┌─ SOURCE MATERIAL
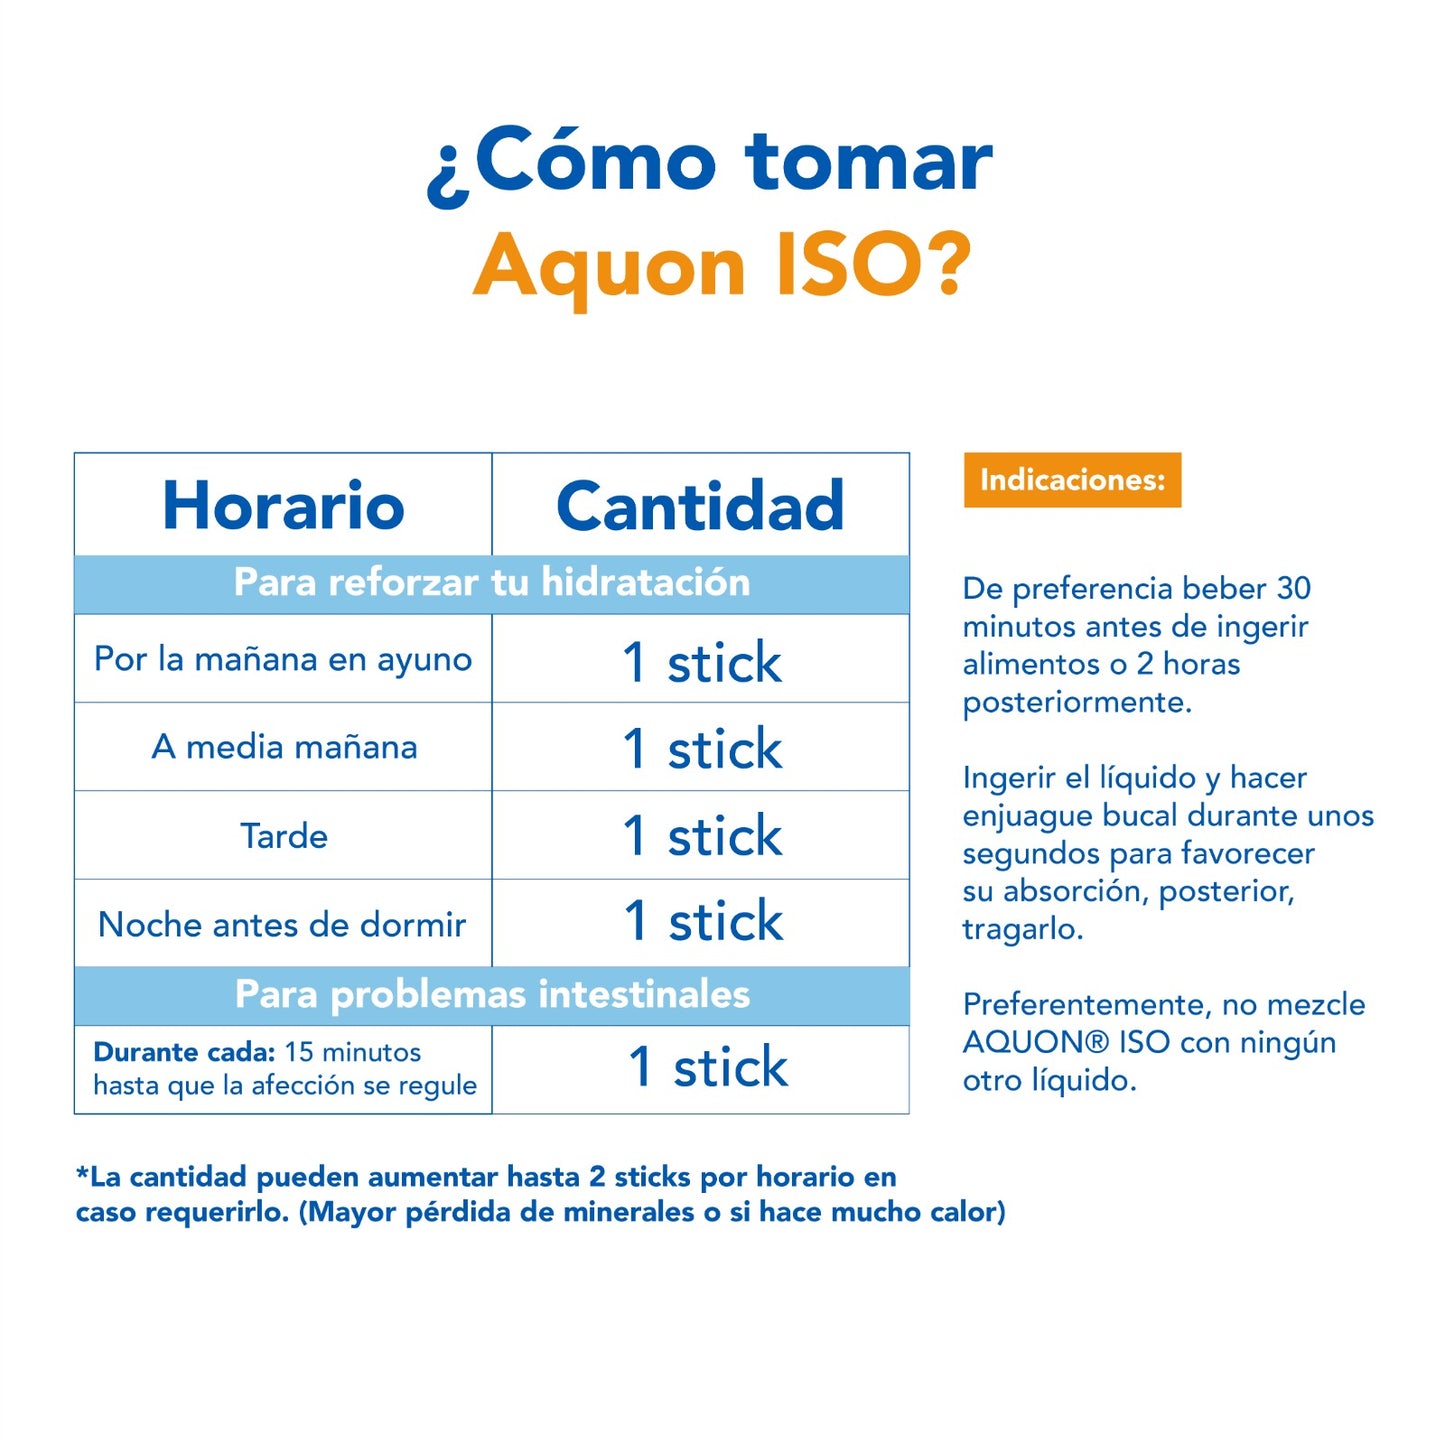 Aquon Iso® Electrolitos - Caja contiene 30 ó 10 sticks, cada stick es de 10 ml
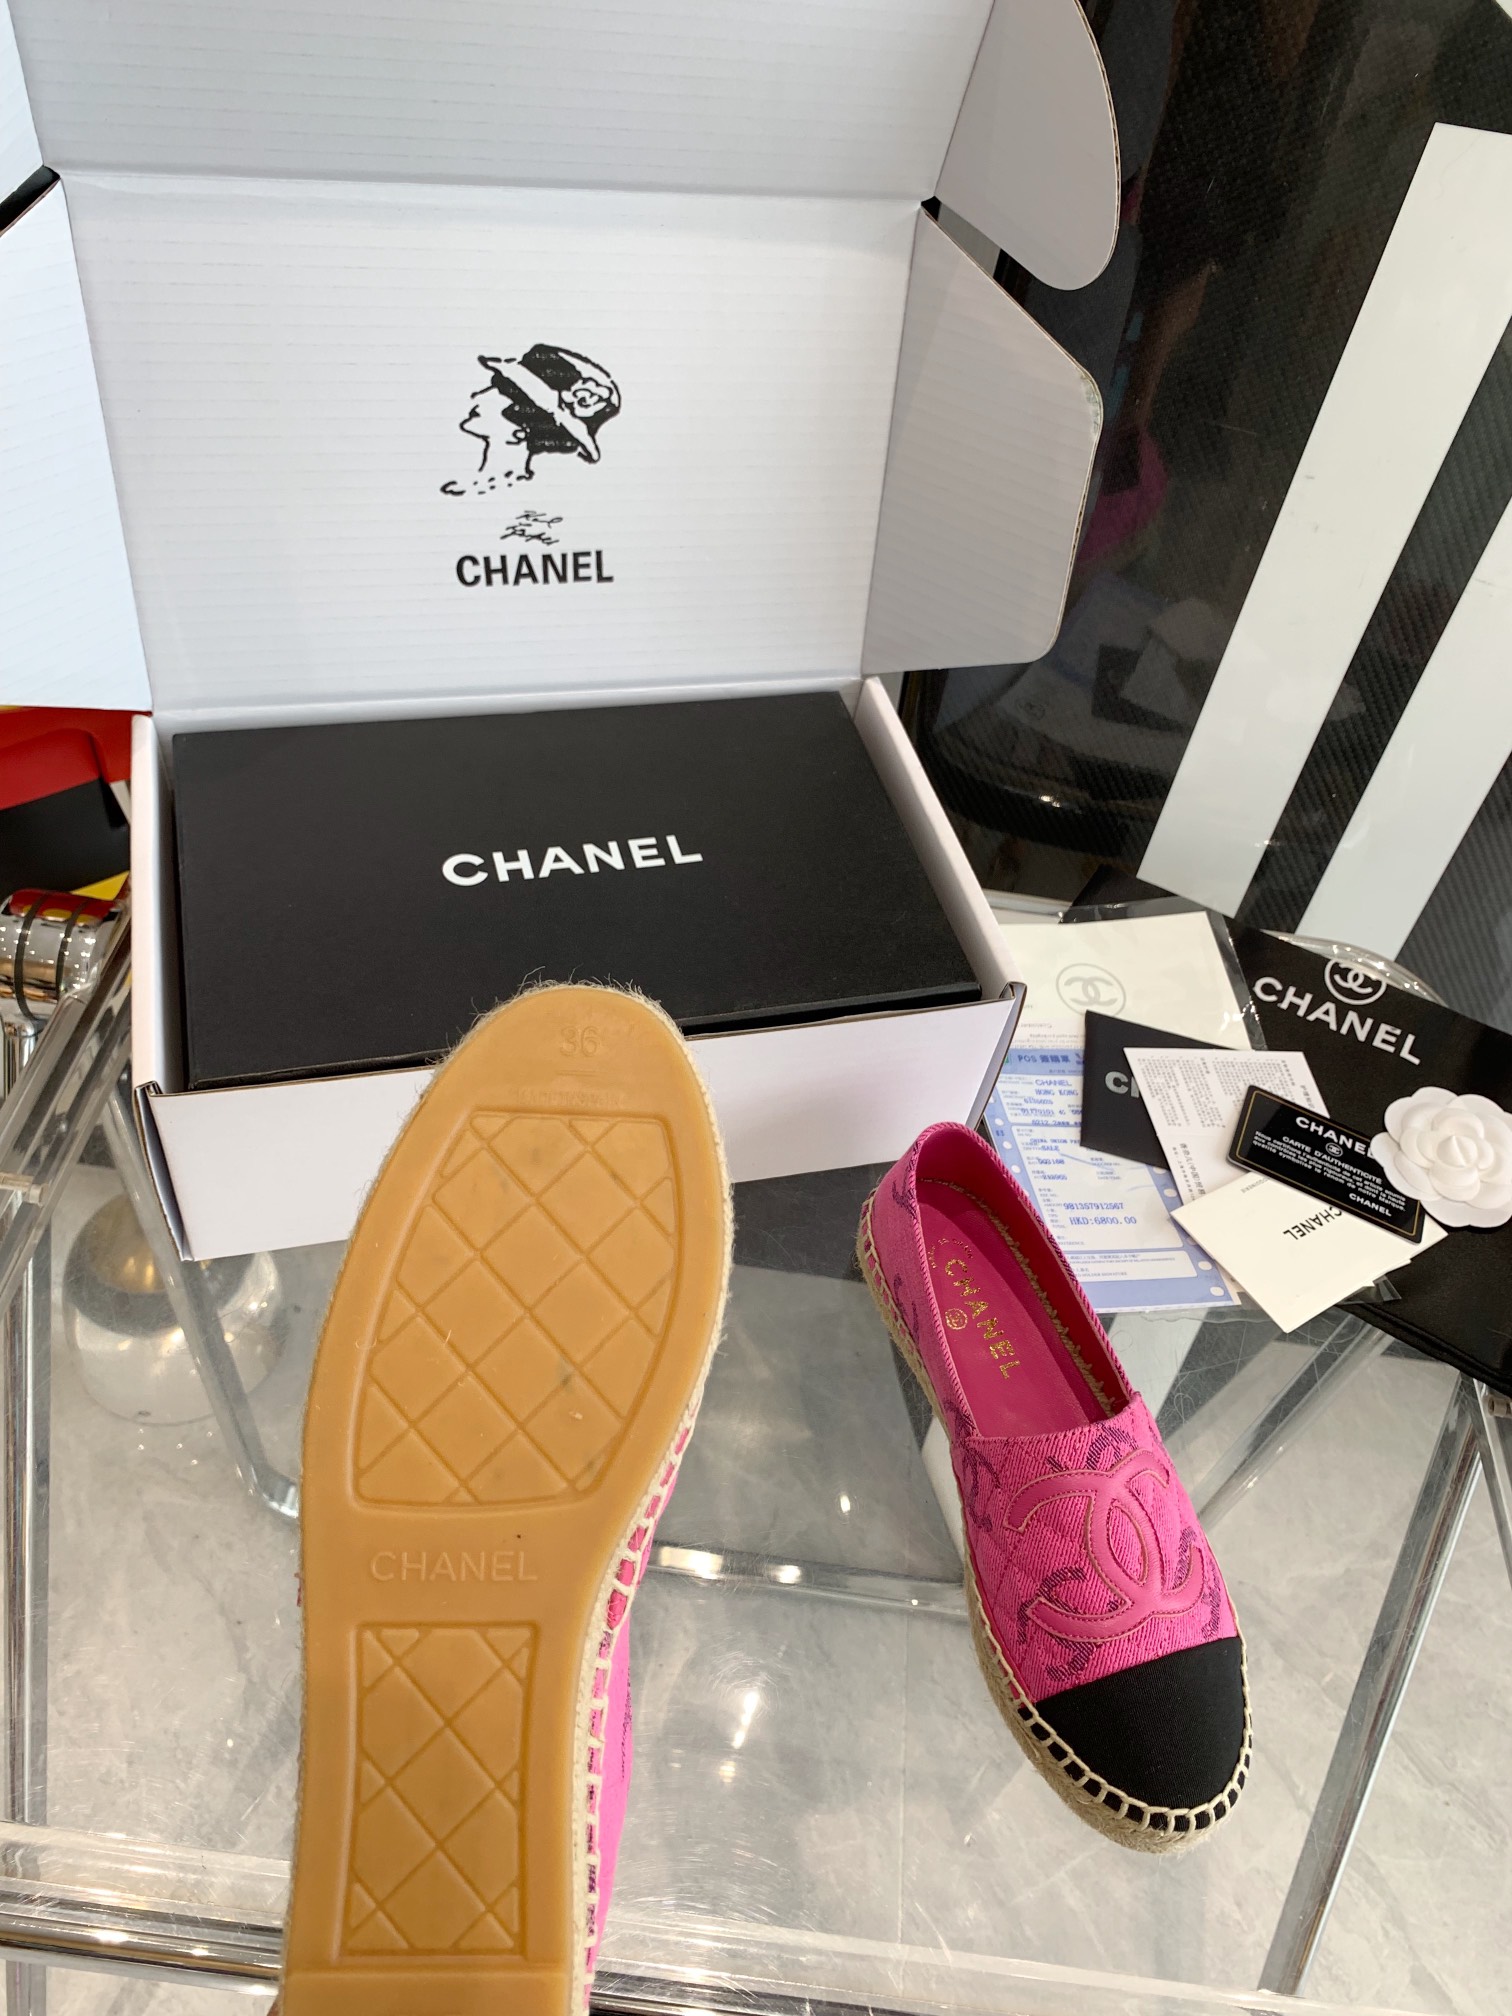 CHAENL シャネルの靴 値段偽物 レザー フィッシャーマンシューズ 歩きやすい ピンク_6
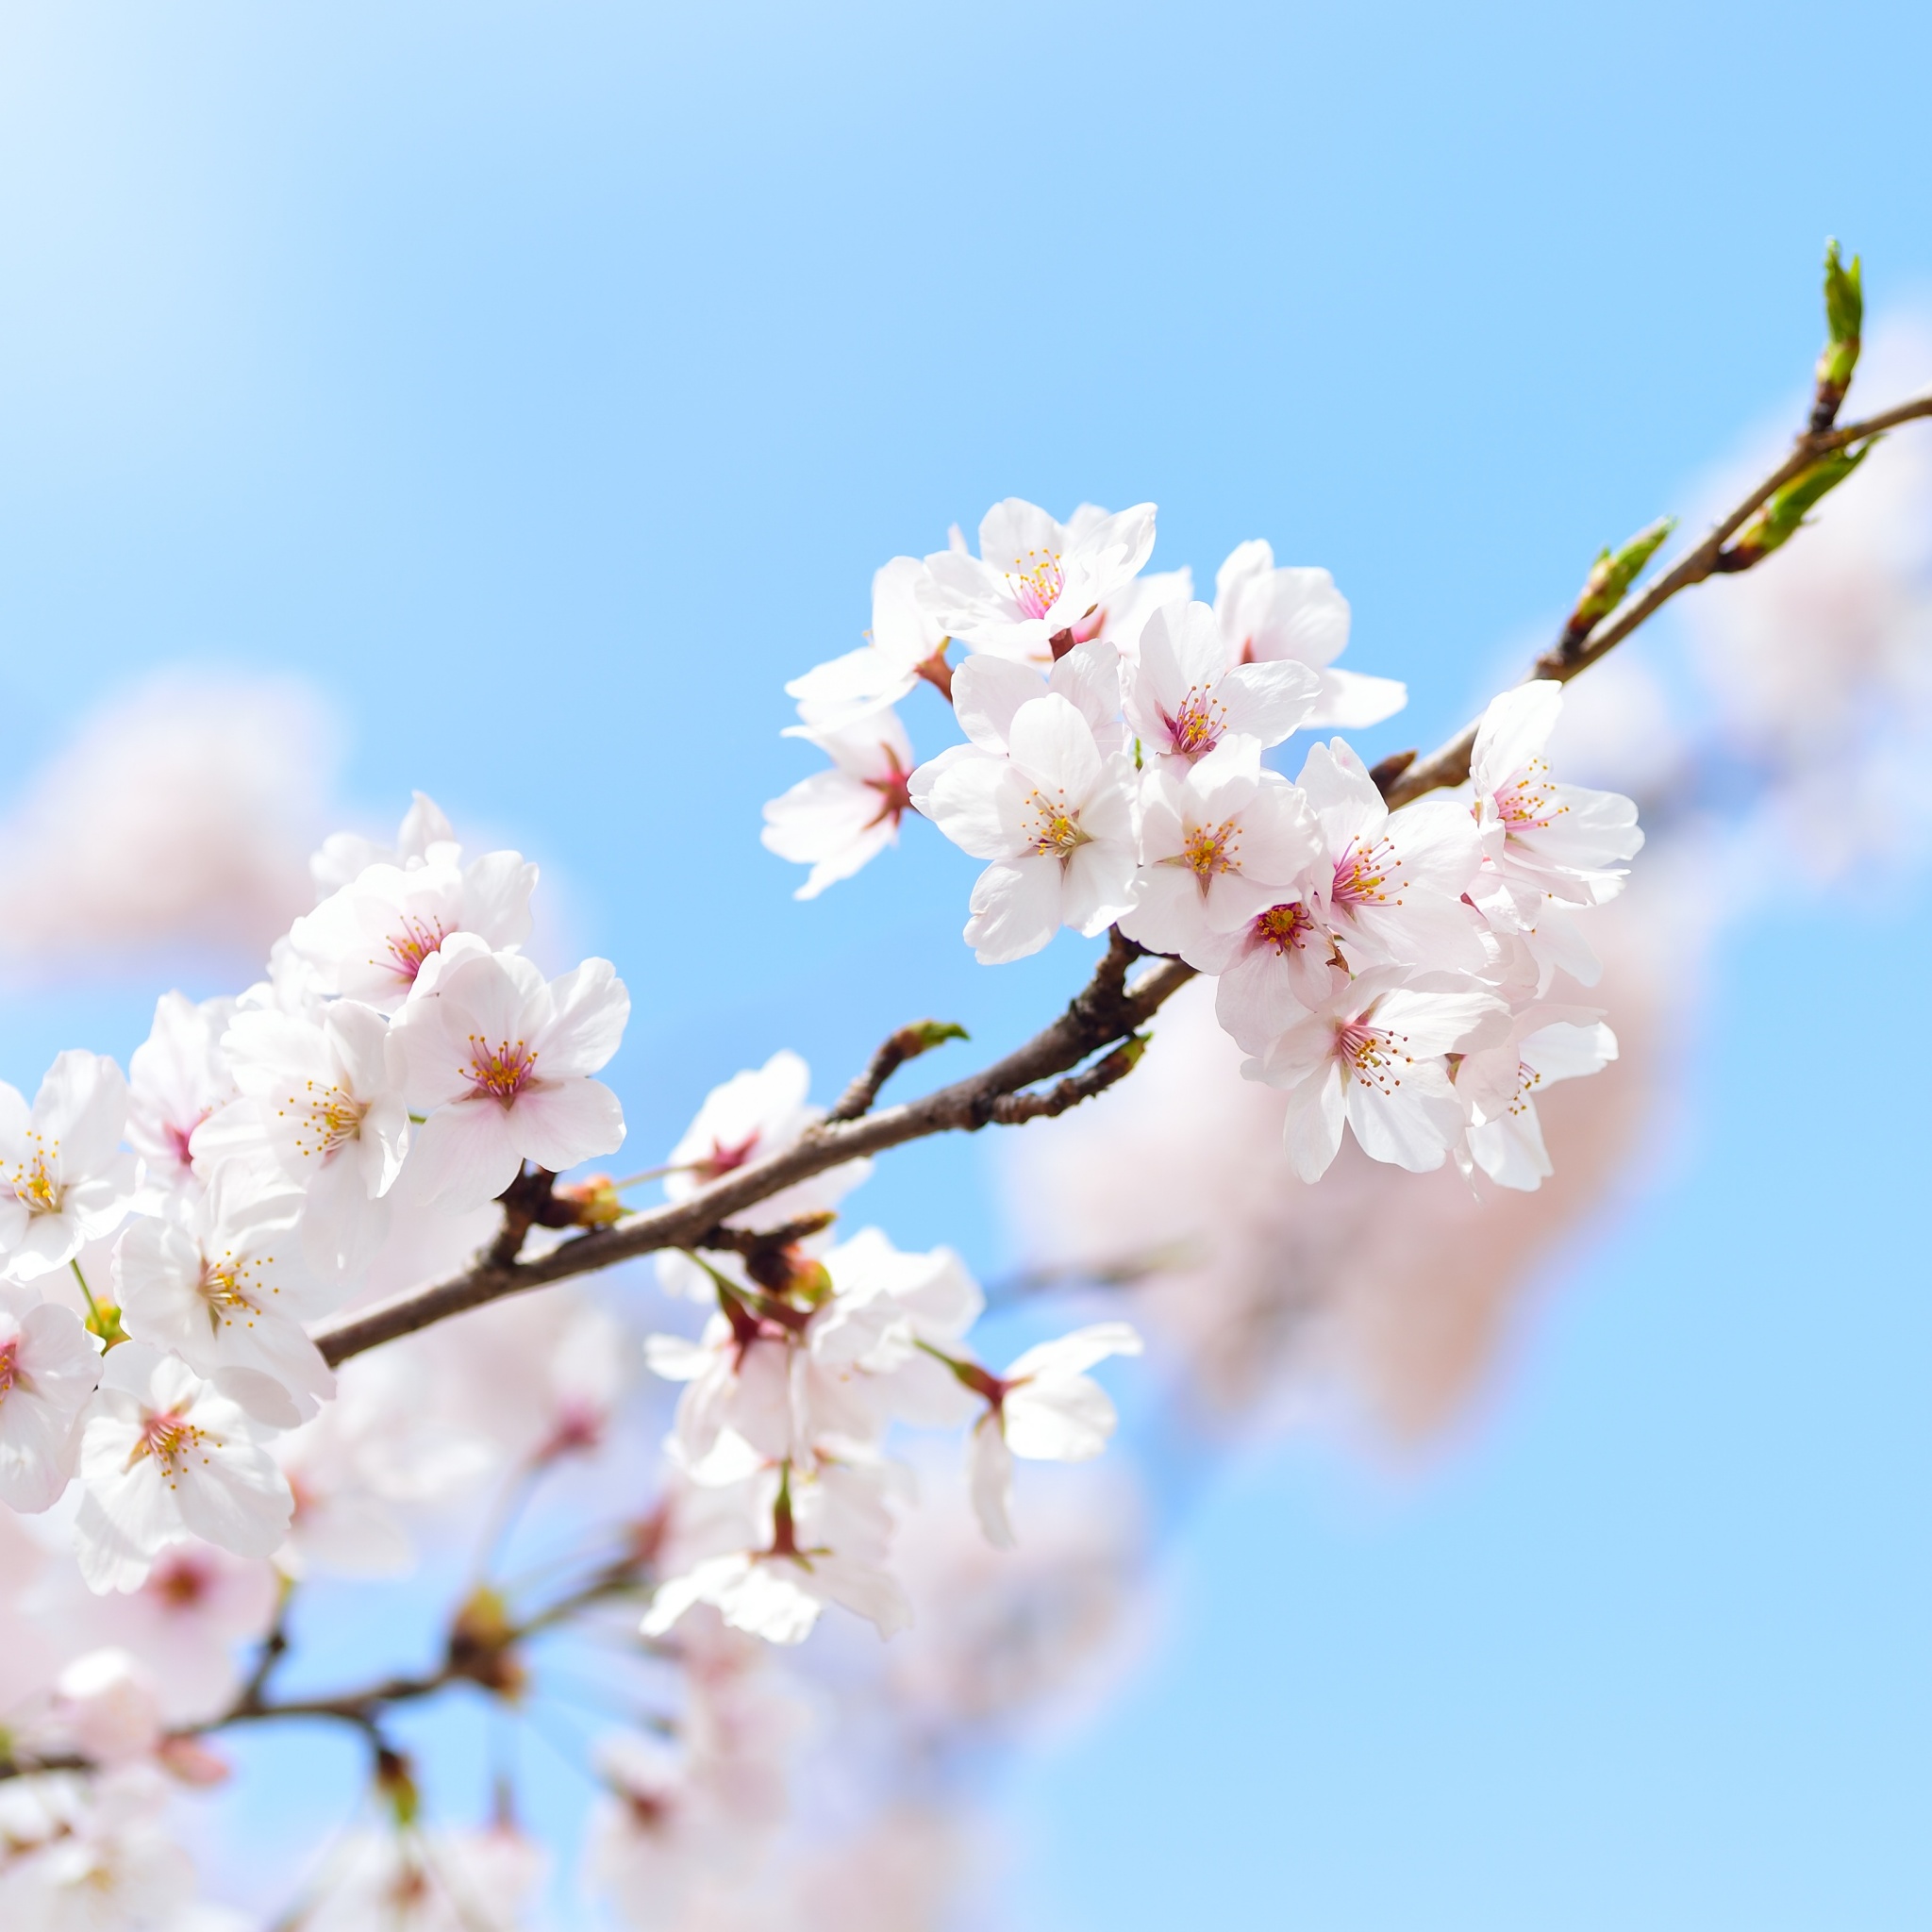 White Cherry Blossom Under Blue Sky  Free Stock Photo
└─
- TASK DIRECTIONS -
All the material above must be copied exactly, and no picture belongs in the copy.

- RESPONSE BOX -
 Aquon Iso® Electrolitos - Caja contiene 30 ó 10 sticks, cada stick es de 10 ml
 CHAENL シャネルの靴 値段偽物 レザー フィッシャーマンシューズ 歩きやすい ピンク_6
 White Cherry Blossom Under Blue Sky  Free Stock Photo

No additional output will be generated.